Emil Telmanyi usando um arco Bachiano “Vega” numa presagem em disco digital da
DanaCord.
Particularmente, acredito que as múltiplas questões de natureza científica, quer físicas
ou químicas, que envolvem a arte de Stradivari, foram observadas e estudadas ao longo
do tempo, isoladamente, umas das outras. Acredito também, que essas questões devem
ser estudadas em conjunto de interdependência multidisciplinar para que talvez
possamos compreende-las melhor, encontrando respostas às perguntas que aguardam
três séculos na arte da violeria de perfeição. E, se não existirem outros mistérios a nos
serem revelados, tudo leva a crer que, a genialidade insuperável de Antonio Stradivari é
fruto de um conjunto de situações altamente favoráveis, que encontraram na arte, talvez
ao acaso, a “pedra filosofal da lutheria”, parafraseando os físicos, numa ambiência de
relatividade, no tempo e no espaço.
Accardo IT Dynamic DS 4001 (nota: capa GF internamente autografada por Accardo)
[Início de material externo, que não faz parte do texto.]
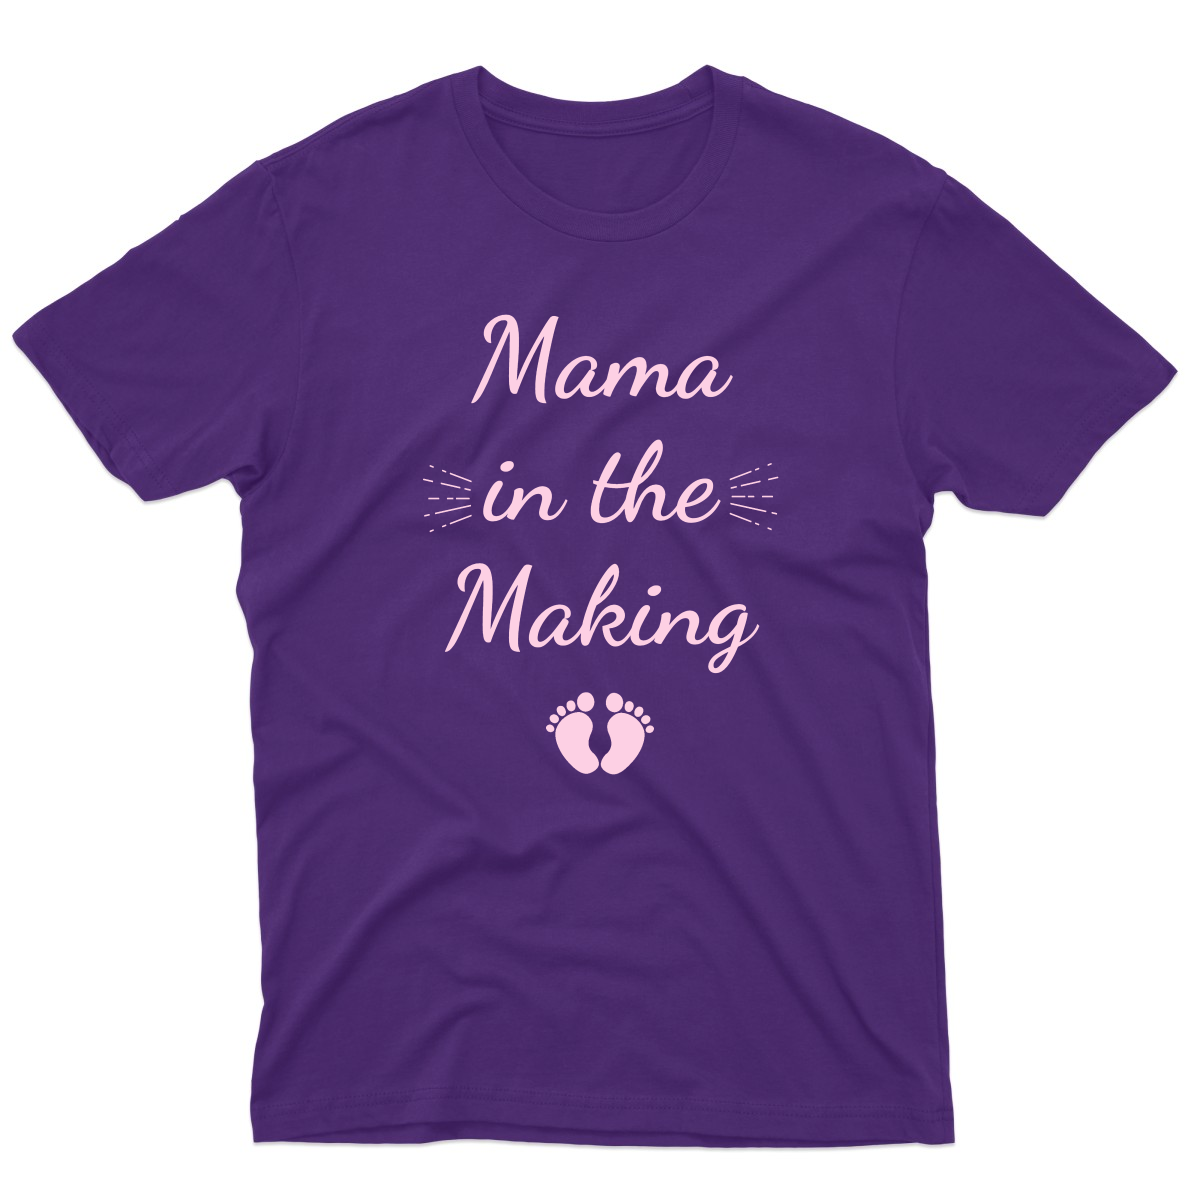 Mama in the Making Shirt Men's T-shirt | Purple

Quanto à sonoridade e ao timbre, que são características físicas, acrescida à arte do
entalhe insuperável dos violinos, que é uma característica artesanal e única de
Stradivari, somadas à peça fundamental dessas duas associações na pessoa de um
grande virtuoso, faço minhas as palavras de Toby Faber, e acrescento: Já temos os
virtuosi! Precisamos de um novo Antonio Stradivari! E mais: Gostaríamos, também, a
exemplo ao que fez Salvatore Accardo com o Del Gesú “Canone” de Paganini, ilustrado
acima, de uma gravação solo do Strad “Messias”, sob os auspícios do Museu Ashmolean
de Oxford, inclusive para um registro histórico de que não dispomos, até o momento,
interpretada pelo melhor de nossos virtuosi da atualidade, Gil Shaham, a fim de
compara-la com as demais gravações existentes dos violinos do maior luthier do mundo.